Sheldon Richman wants to know.
It would have been bad enough to torture people actually suspected of wrongdoing, but the Bush administration went well beyond that. Many people subjected to hideous treatment were picked up on the flimsiest of “evidence.” People were offered bounties to turn others in; naturally, some saw that as a chance to settle old scores having nothing to do with terrorism. Absence of evidence (as former Defense Secretary Donald Rumsfeld might say) was not considered evidence of absence. In at least one case, a man was tortured — by the U.S. government’s helper in Egypt, Omar Suleiman — to get the prisoner to say that Iraqi dictator Saddam Hussein had trained al-Qaeda agents. Bush and Vice President Dick Cheney badly wanted to justify their preexisting wish to effect regime change in Iraq by tying Saddam to 9/11. But there was never any evidence of Iraqi complicity.

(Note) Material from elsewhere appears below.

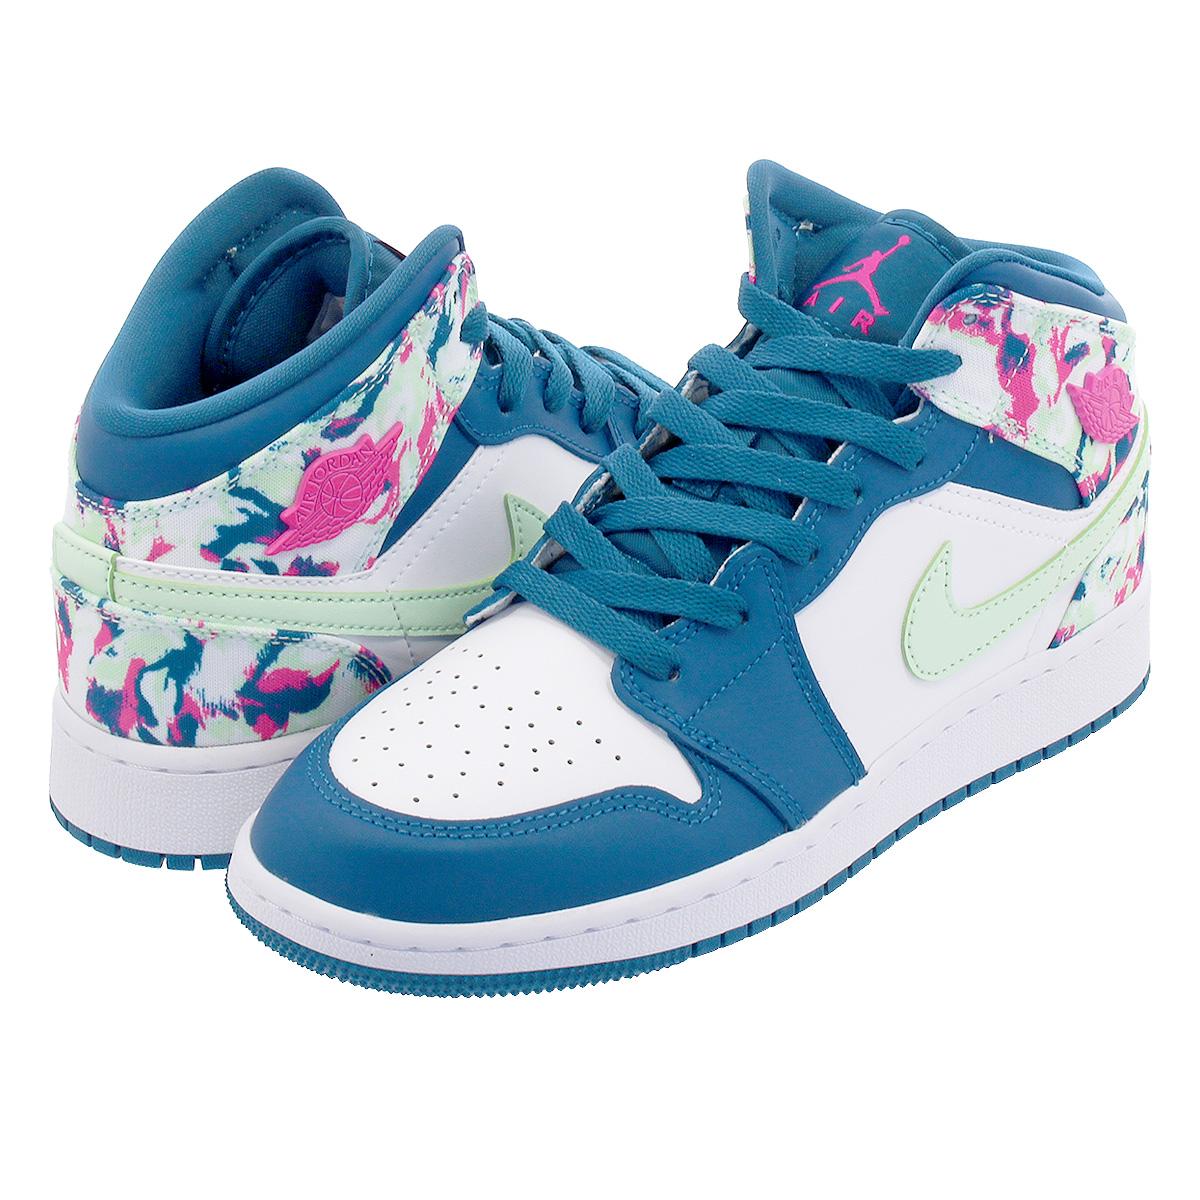 04112d1f9cddc0 LOWTEX BIG-SMALL SHOP  NIKE AIR JORDAN 1 MID GS Nike Air Jordan 1 ...
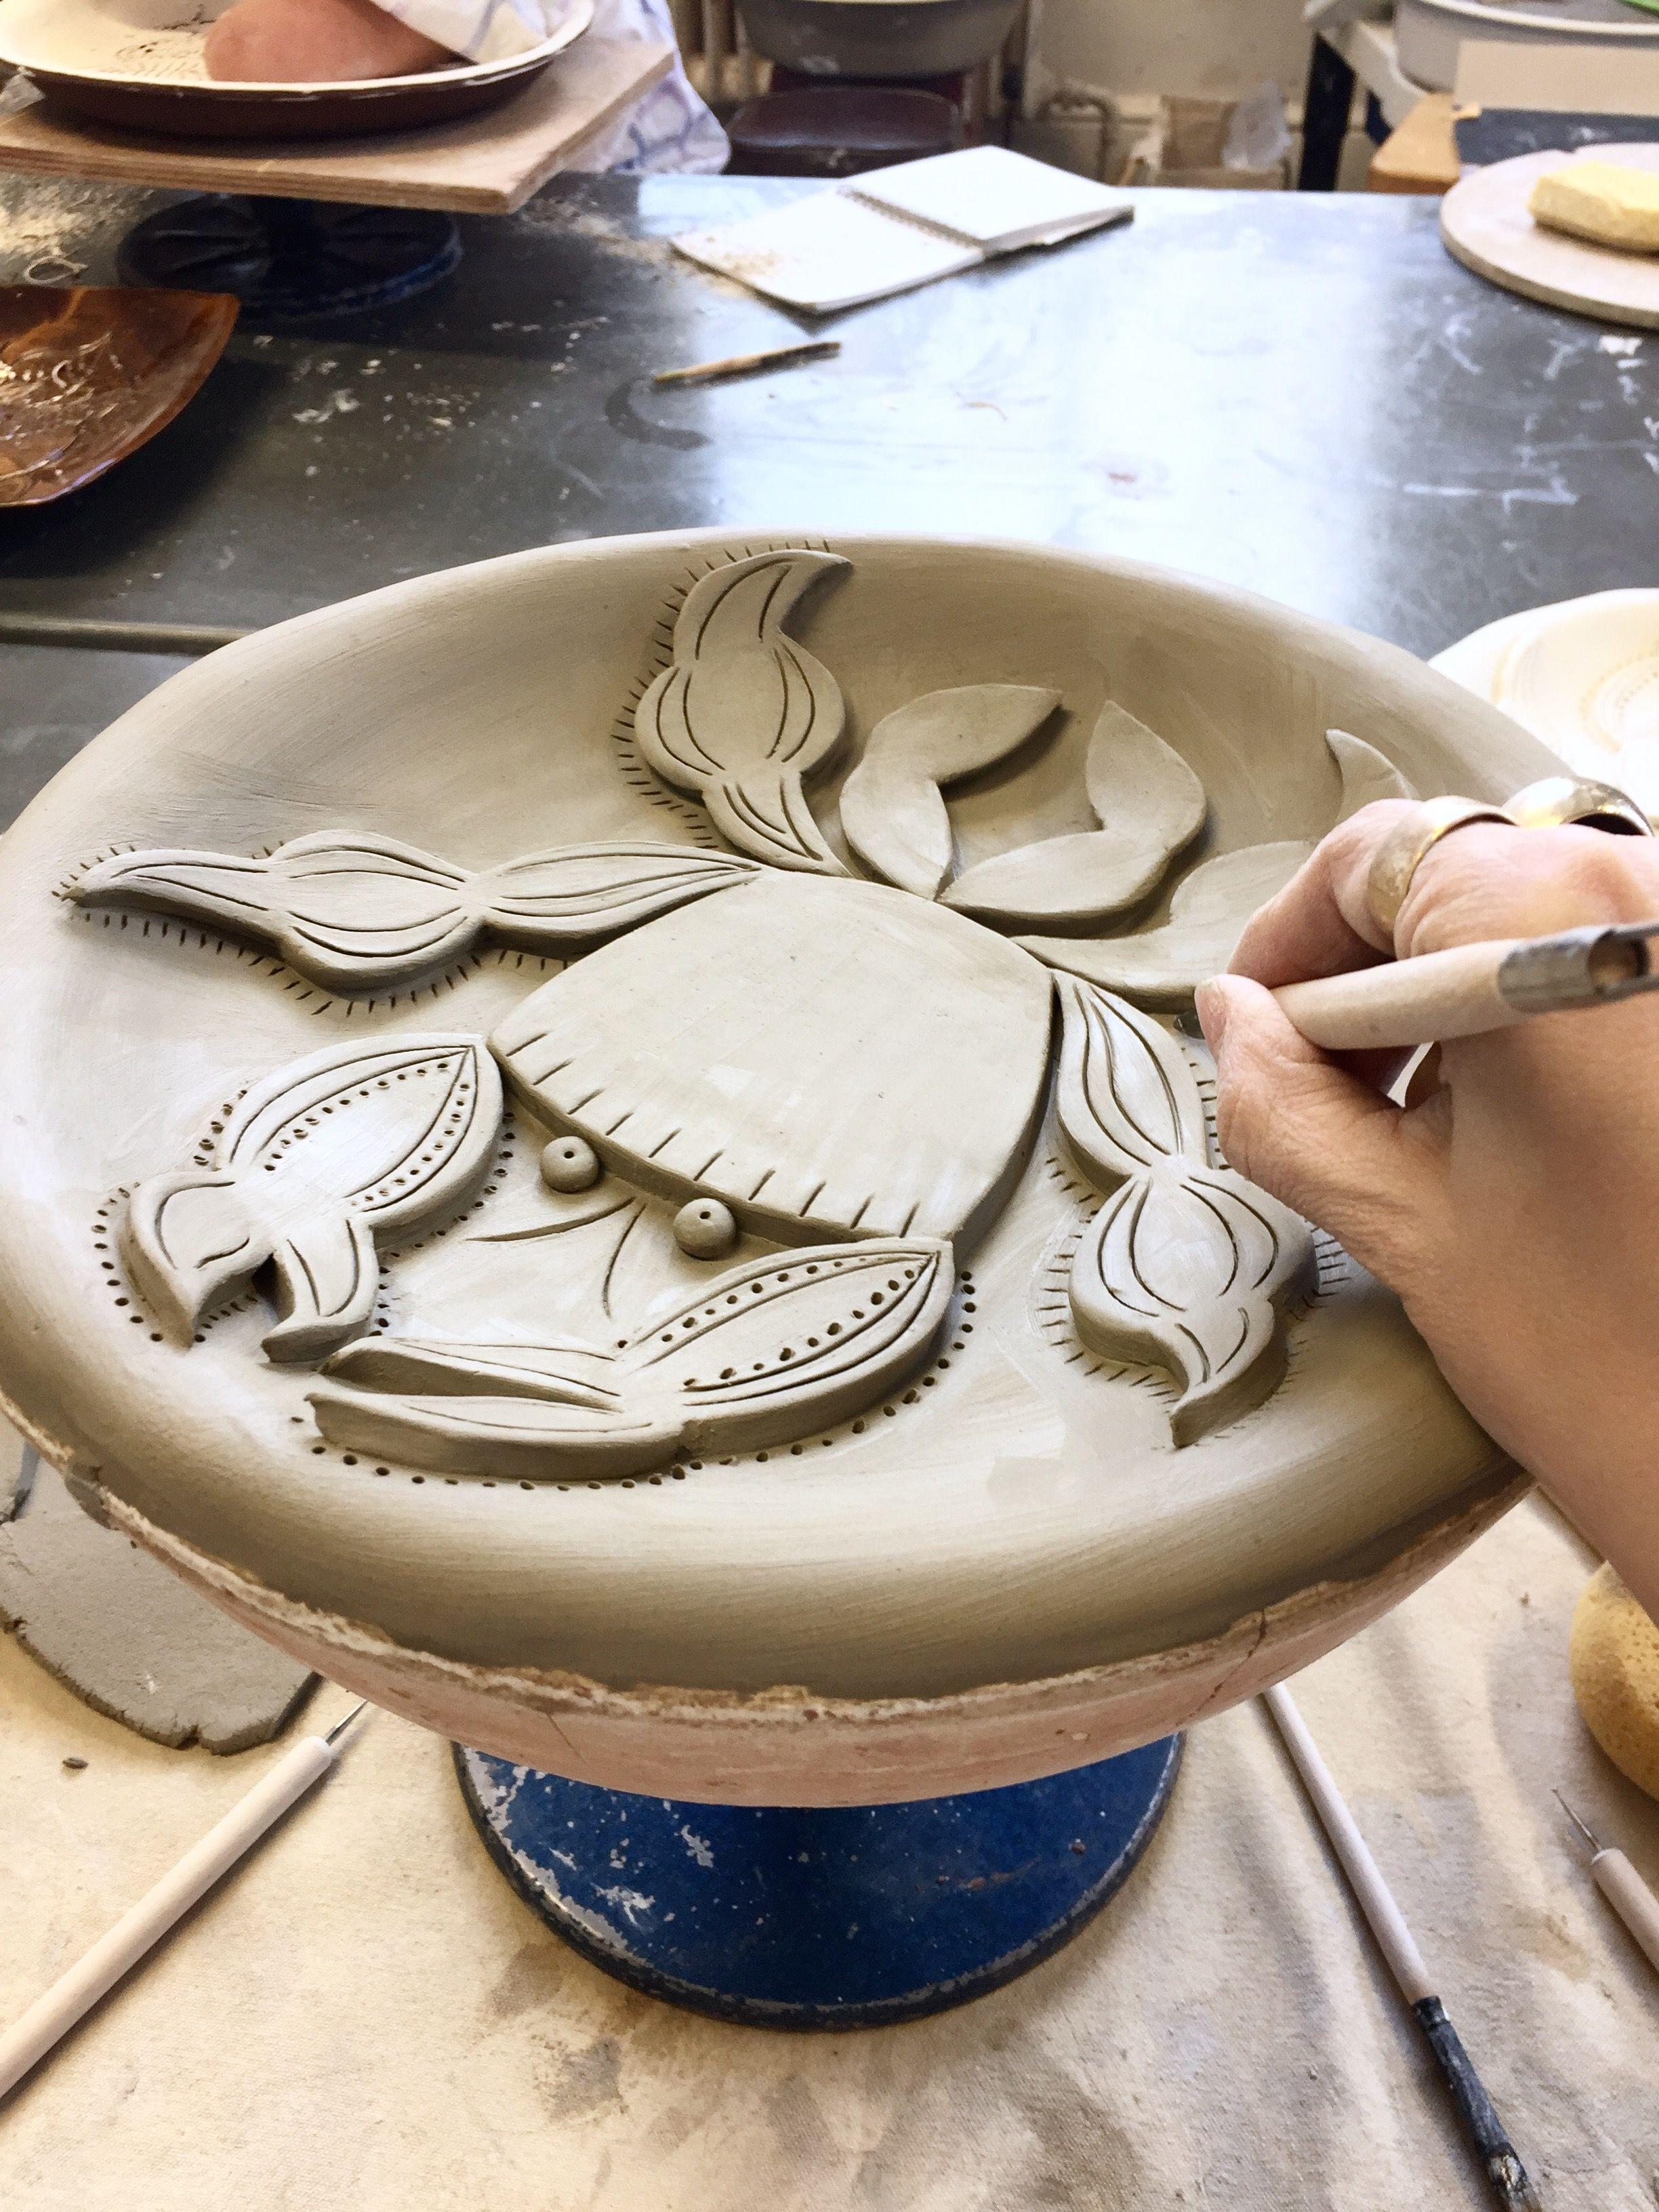 Mr Milly\u0027s making a ceramic crab plate & Mr Milly\u0027s making a ceramic crab plate | Ceramics - Slab Building ...

That reminds us that torture was not the only crime committed by the Bush administration. The Iraq and Afghanistan wars were also (and still are) outrages because, among other reasons, they were based on lies. Bush officials, such as Rumsfeld and Secretary of State Colin Powell, now acknowledge “misstatements,” but that can hardly be taken seriously. We know that back then grave doubts were expressed over the quality of the so-called intelligence about Saddam’s alleged weapons of mass destruction. Rumsfeld’s excuses are pathetic. When he beat the drums for war, he said he knew where Saddam’s WMDs were. Now he says he meant he knew the location of “suspected sites.” Did he step out of Orwell’s 1984?